·Comment·

 

Comment on “Role of corneal collagen fibrils in corneal disorders and related pathological conditions”

 

Khosrow Jadidi¹, Hossein Aghamollaei²

 

¹Vision Health Research Center, Semnan University of Medical Sciences, Semnan 3519899951, Iran

²Chemical Injuries Research Center, Systems biology and Poisonings Instituate, Baqiyatallah University of Medical Sciences, Tehran 411435453685, Iran

Correspondence to: Hossein Aghamollaei. Chemical Injuries Research Center, Systems biology and Poisonings Instituate, Baqiyatallah University of Medical Sciences, Mollasadra St., Tehran 411435453685, Iran. aghmolaei22@gmail.com

Received: 2018-05-01         Accepted: 2019-03-26

 

DOI:10.18240/ijo.2019.06.30

 

Citation: Jadidi K, Aghamollaei H. Comment on “Role of corneal collagen fibrils in corneal disorders and related pathological conditions”. Int J Ophthalmol 2019;12(6):1056

 

Dear Editor,

We read with interest the review article “Role of corneal collagen fibrils in corneal disorders and related pathological conditions” by Zhou et al^[1]. We would like to point out the mistake that is made in the parts of the article.

In the “CORNEAL COLLAGEN DEGRADATION” section, the authors reviewed the process and factors that influence the corneal collagen and extra cellular matrix. In this section, keratinocyte was introduced as a source of myofibroblast which have a critical role in the corneal stroma wound healing process. Production of metrix metalloproteinase 1 by keratinocyte is indicated and emphasized that this process is mediated by interleukin-1 (IL-1), plasminogen, and urinary plasminogen activator (uPA). They referred this statements to Sougioca et al^[2] and Zhou and Petroll^[3]. With regard to these studies and several others it is noticeable that the corneal stromal cells are “keratocytes” not “keratinocytes”. The role of keratocyte in stromal function and corneal repair is approved and reviewed in West-Mays and Dwivedi^[4] and Petroll and Miron-Mendoza^[5].

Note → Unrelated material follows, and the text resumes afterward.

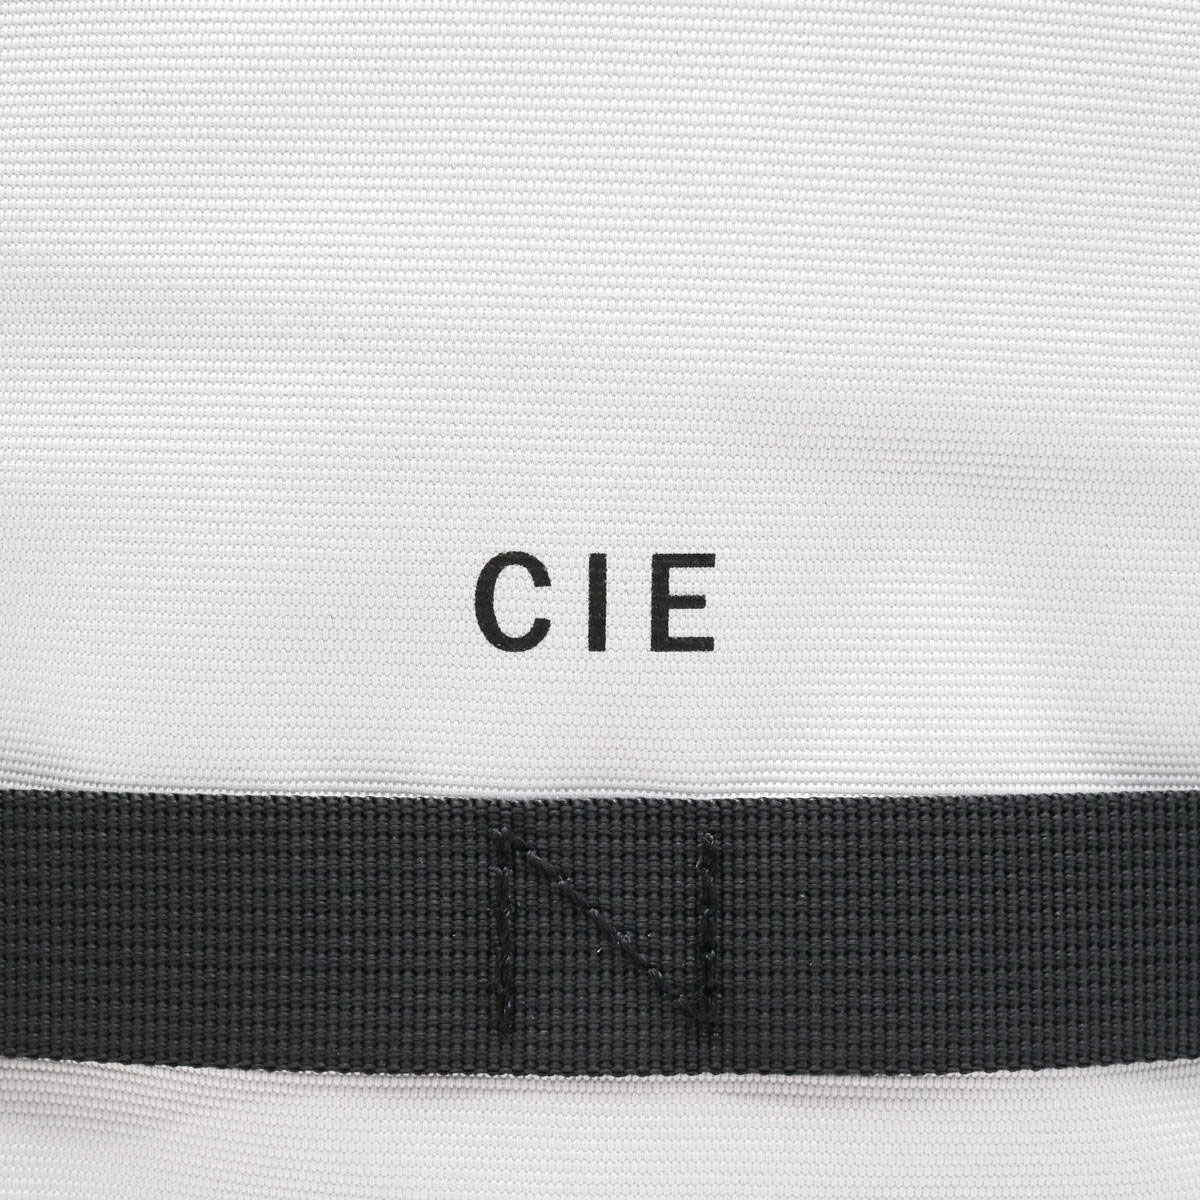 CIE シー GRID-2 2WAY BACKPACK-01 2WAYバックパック 031853｜【正規

Although keratinocytes are present in other part of ocular surface such as conjunctiva and limbus^[6-7], but presence and function of this type of cells in corneal stroma is not reported. So, “keratinocyte” in mentioned section as well as “CORNEAL COLLAGEN CONTRACTION” section should be changed to “keratocyte”.

ACKNOWLEDGEMENTS

Conflicts of Interest: Jadidi K, None; Aghamollaei H, None.

REFERENCES

1 Zhou HY, Cao Y, Wu J, Zhang WS. Role of corneal collagen fibrils in corneal disorders and related pathological conditions. Int J Ophthalmol 2017;10(5):803-811.
https://doi.org/10.18240/ijo.2017.05.24
2 Sugioka K, Mishima H, Kodama A, Itahashi M, Fukuda M, Shimomura Y. Regulatory mechanism of collagen degradation by keratocytes and corneal inflammation: the role of urokinase-type plasminogen activator. Cornea 2016;35(Suppl 1):S59-S64. https://doi.org/10.1097/ICO.0000000000000995 PMid:27661072
3 Zhou CX, Petroll WM. MMP regulation of corneal keratocyte motility and mechanics in 3-D collagen matrices. Exp Eye Res 2014; 121:147-160. https://doi.org/10.1016/j.exer.2014.02.002 PMid:24530619 PMCid:PMC4028095
4 West-Mays JA, Dwivedi DJ. The keratocyte: corneal stromal cell with variable repair phenotypes. Int J Biochem Cell Biol 2006;38(10):1625-1631. https://doi.org/10.1016/j.biocel.2006.03.010 PMid:16675284 PMCid:PMC2505273
5 Petroll WM, Miron-Mendoza M. Mechanical interactions and crosstalk between corneal keratocytes and the extracellular matrix. Exp Eye Res 2015;133:49-57. https://doi.org/10.1016/j.exer.2014.09.003 PMid:25819454 PMCid:PMC4379425
6 Schermer A, Galvin S, Sun TT. Differentiation-related expression of a major 64K corneal keratin in vivo and in culture suggests limbal location of corneal epithelial stem cells. J Cell Biol 1986;103(1):49-62. https://doi.org/10.1083/jcb.103.1.49 PMid:2424919
7 Wei ZG, Sun TT, Lavker RM. Rabbit conjunctival and corneal epithelial cells belong to two separate lineages. Invest Ophthalmol Vis Sci 1996;37(4):523-533.